Most states follow a doctrine, called merger, that holds that the felony murder rule only applies when the predicate felony is different from the act causing the death. In other words, a death during a criminal assault does not trigger the felony murder rule because the assault and the death “merge.”
I think the death in this hypothetical would probably be treated as some level of manslaughter. It’s akin to punching someone with force that ordinarily would not be deadly, who then dies because the punch caused him to stumble on a curb and hit his head on a fire hydrant.
IANAL, just a guess here… but in Canada, the charges for both would probably be “Criminal negligence causing death” (and “administering a noxious substance” or something).

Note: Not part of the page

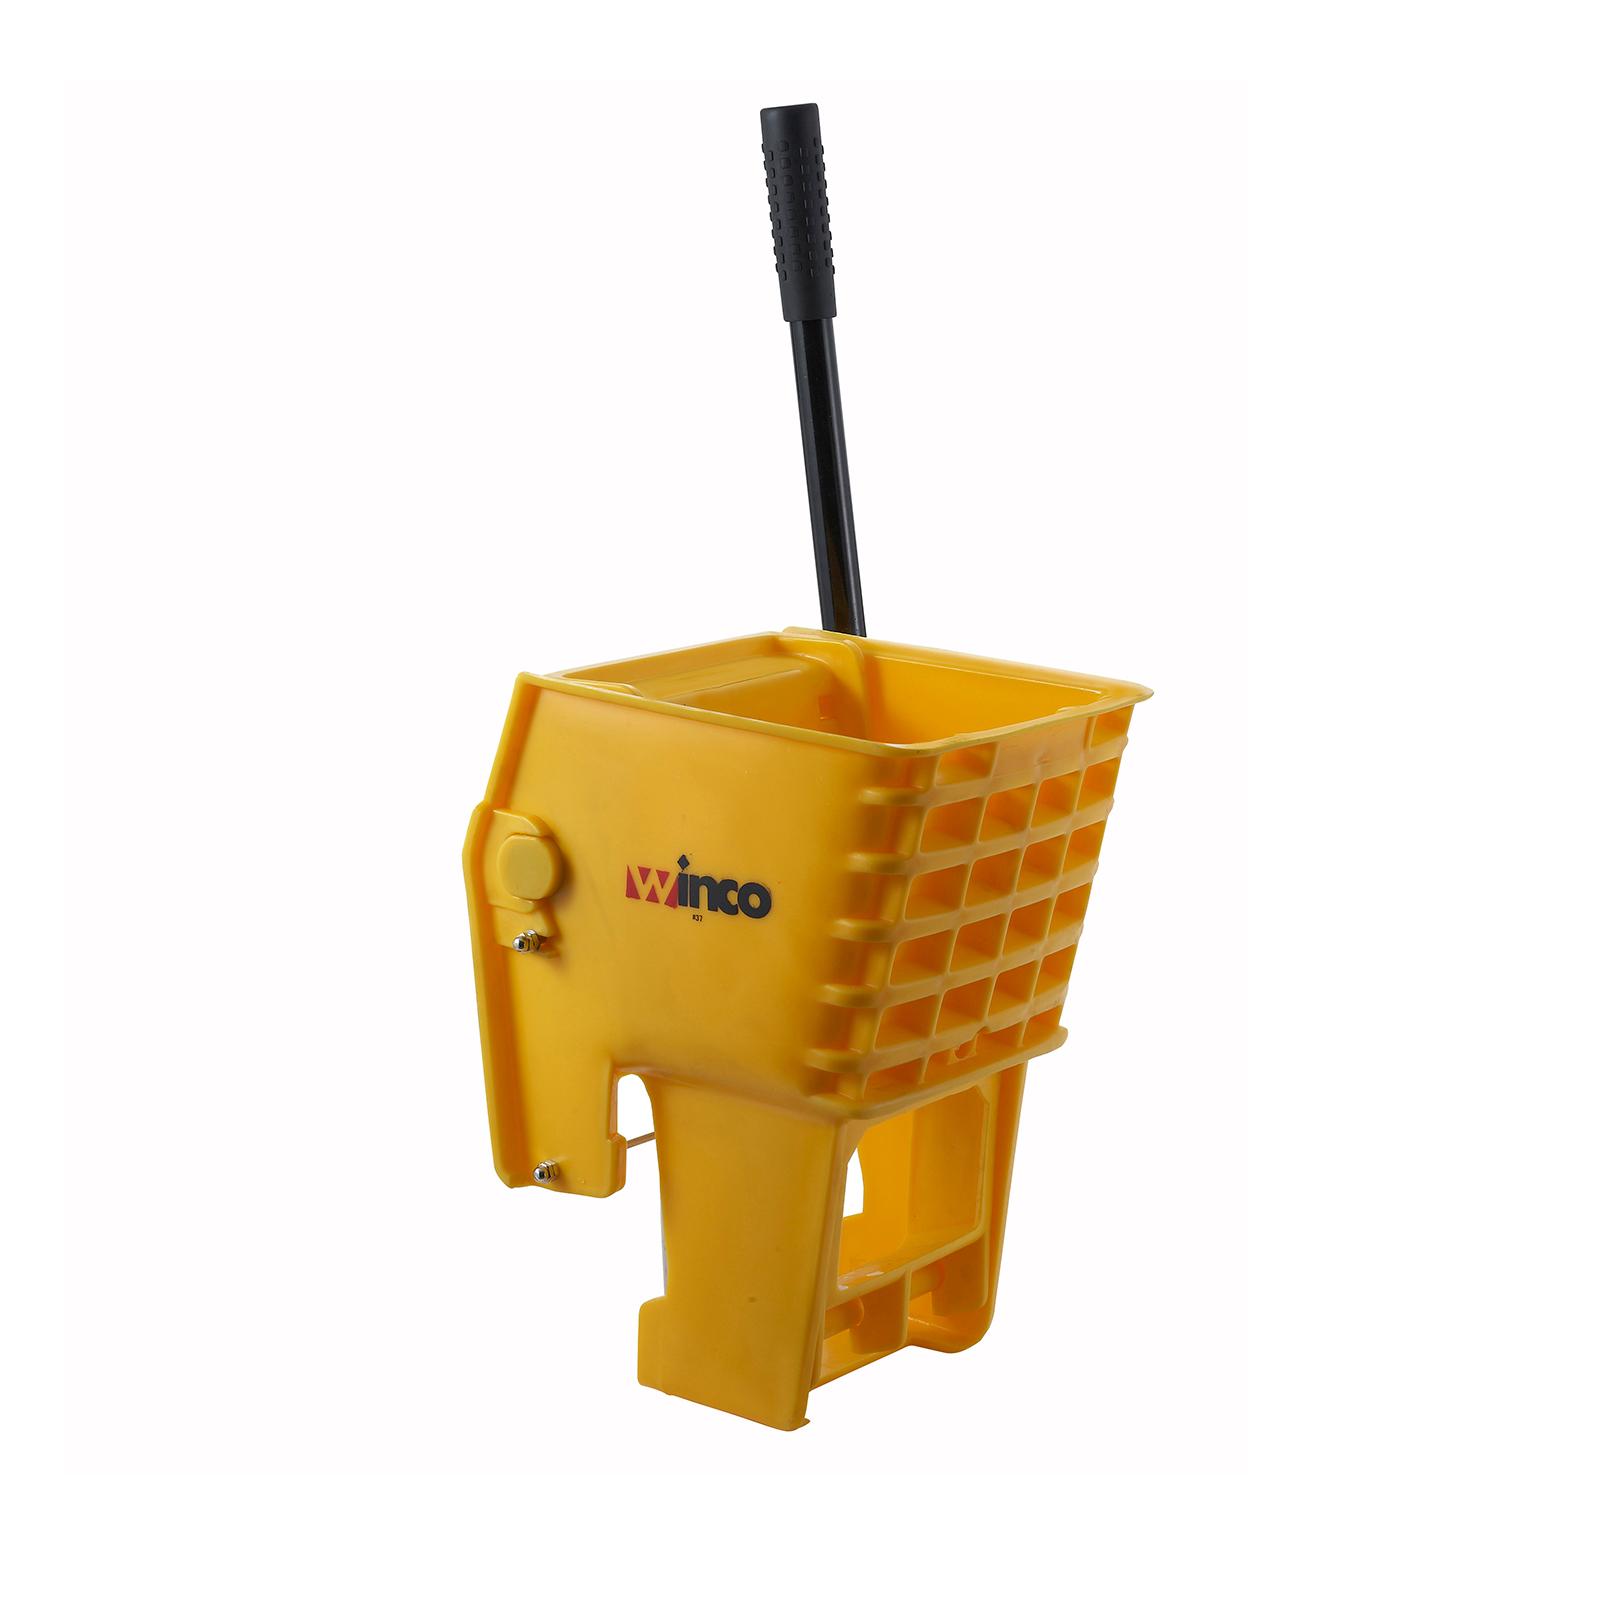 3700-185 Winco MPB-36W mop wringer
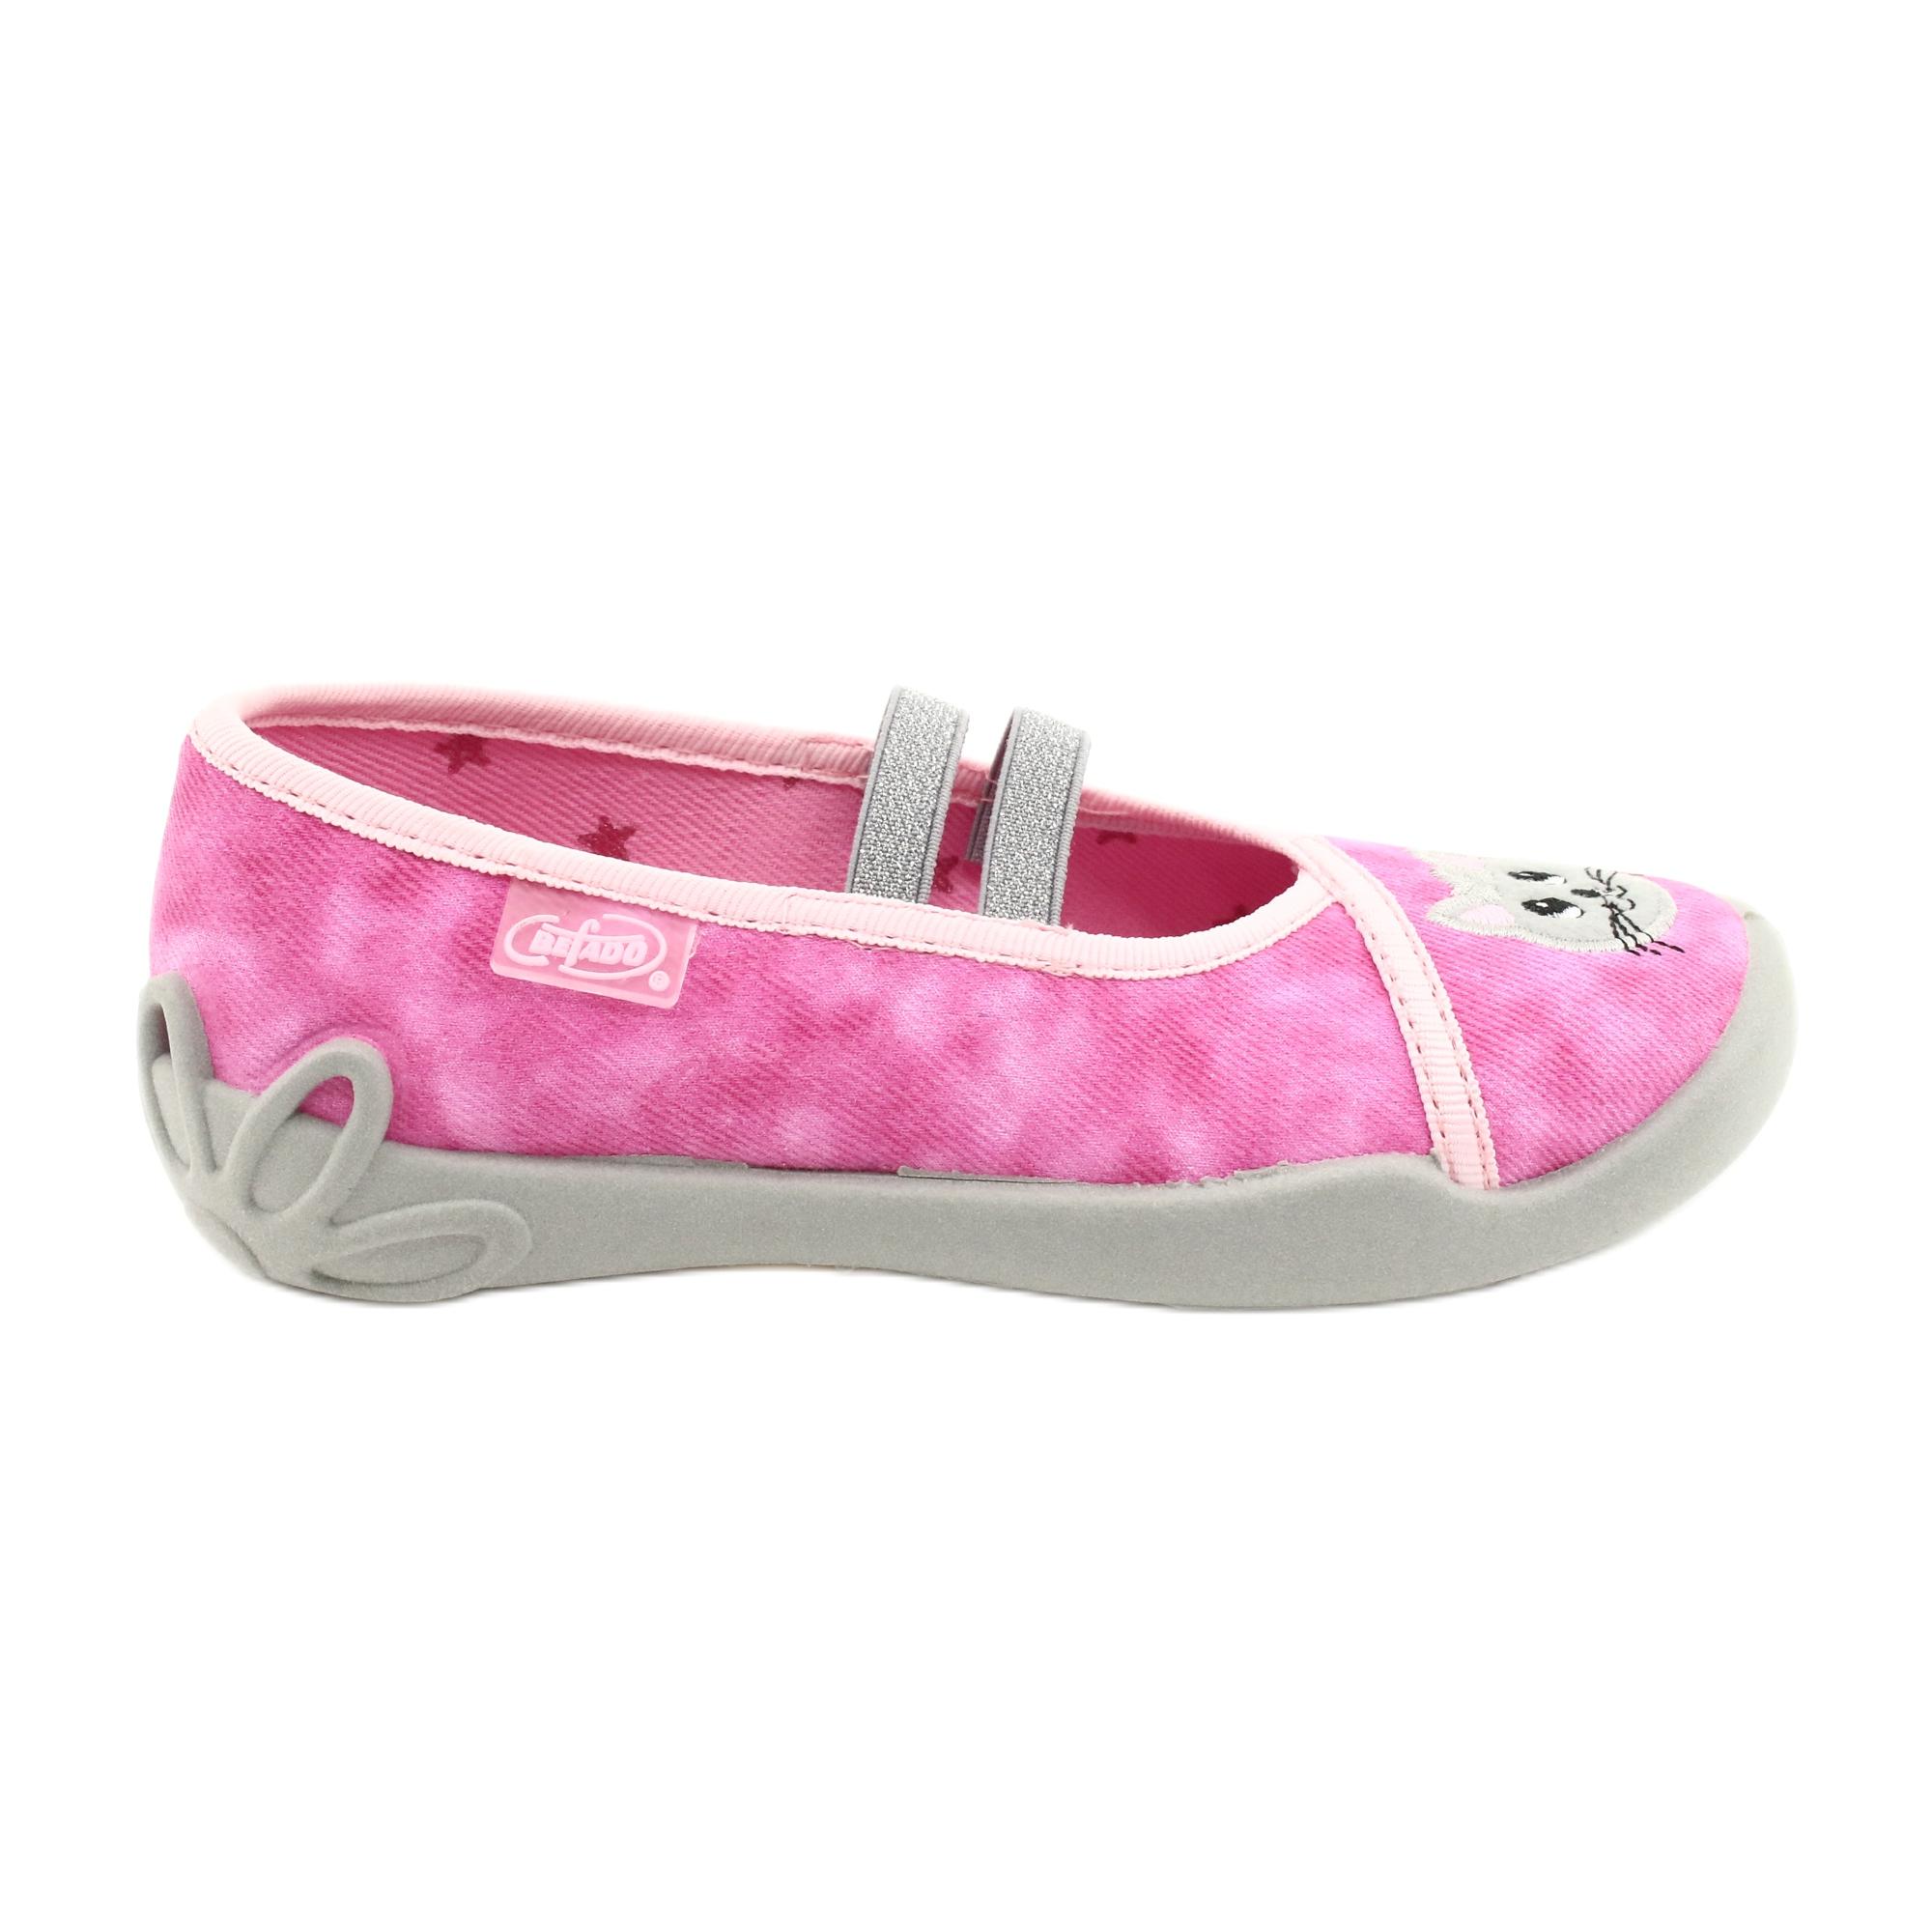 Scarpe per bambini Befado 116X290 rosa argento grigio

Whatever the equivalent US crimes would be… There was no intent to kill, but by recklessly failing to ensure the drink was not rendered fatal by addition, despite intentions, the persons both cause the death - the first by leaving an adulterated drink where it could be further adulterated, and the second by adding a dose to an already adulterated drink. Was this foreseeable? Well, if you did it, why would you think nobody else could or would?
these would be appropriate charges and penalties to match the intent - no intent to permanently harm or kill, but acting inappropriately recklessly in such a way that death resulted.
That’s true in New York (the state whose laws I’m most familiar with). A charge of attempted murder is treated as a charge of murder.
Being as one victim can have several murder attempts committed against him, it’s possible for several people to be convicted of separately murdering the same person (who may still be alive).
Yes and no- in New York a conviction for attempted first degree murder or aggravated murder is a Class A-1 felony, just like the completed crimes and will be sentenced in the same way as the completed crimes. But the conviction will be for the attempt and that is what court documents will say .
A conviction for attempted second degree murder, however, is a Class B felony although the completed crime is also a Class A-1 felony and therefore the sentence for an attempt is lower than the sentence for a completed Murder 2.
And for this reason, the basic prison sentence given here (vic.aus) would be the same for either crime. Say 15 years for the murder, 15 years for the attempted murder.*
I assume that even in your state, not all murderers get death, and that some attempted murderers get very long sentences.
*(IANAL. I don’t know if they’d give one “attempted murder” in vic.aus. But if they did, he probably wouldn’t get off more lightly because of it)
You’re not reading carefully. A person can be convicted of murder for trying and failing to kill someone. So both victim and would-be killer are still alive.
So now the original victim attacks the original would-be killer with intent to kill. And once again fails to successfully complete the deed.
Now both are alive and both have committed legal murder of the other. It’s certainly straightforward try live people for stuff they have done.
In practice though, I think the government would have a tough time with the second murder prosecution, since the defense would simply put on whatever experts the government used in the first trial and ask them “now, when you testified in another trial about the death of Joe Smith, didn’t you say that in your expert opinion it was the [other thing] that killed him?”
Section 321P of the Crimes Act sets out the penalties for attempted offences, and says that for offences carrying a penalty of “level 1 imprisonment (life)”, the penalty for attempting that offence is “Level 2 imprisonment (25 years maximum)”.
Doesn’t sound to me like Victoria treats murder and attempt murder the same for penalty purposes. Am I missing something?
Yes, in that case I’m sure this happens all the time with gangs and other kinds of feuds. Retaliation is the typical way of life (and death) and you’d definitely be wanting to kill the guy who tried to kill you (especially before he tried again).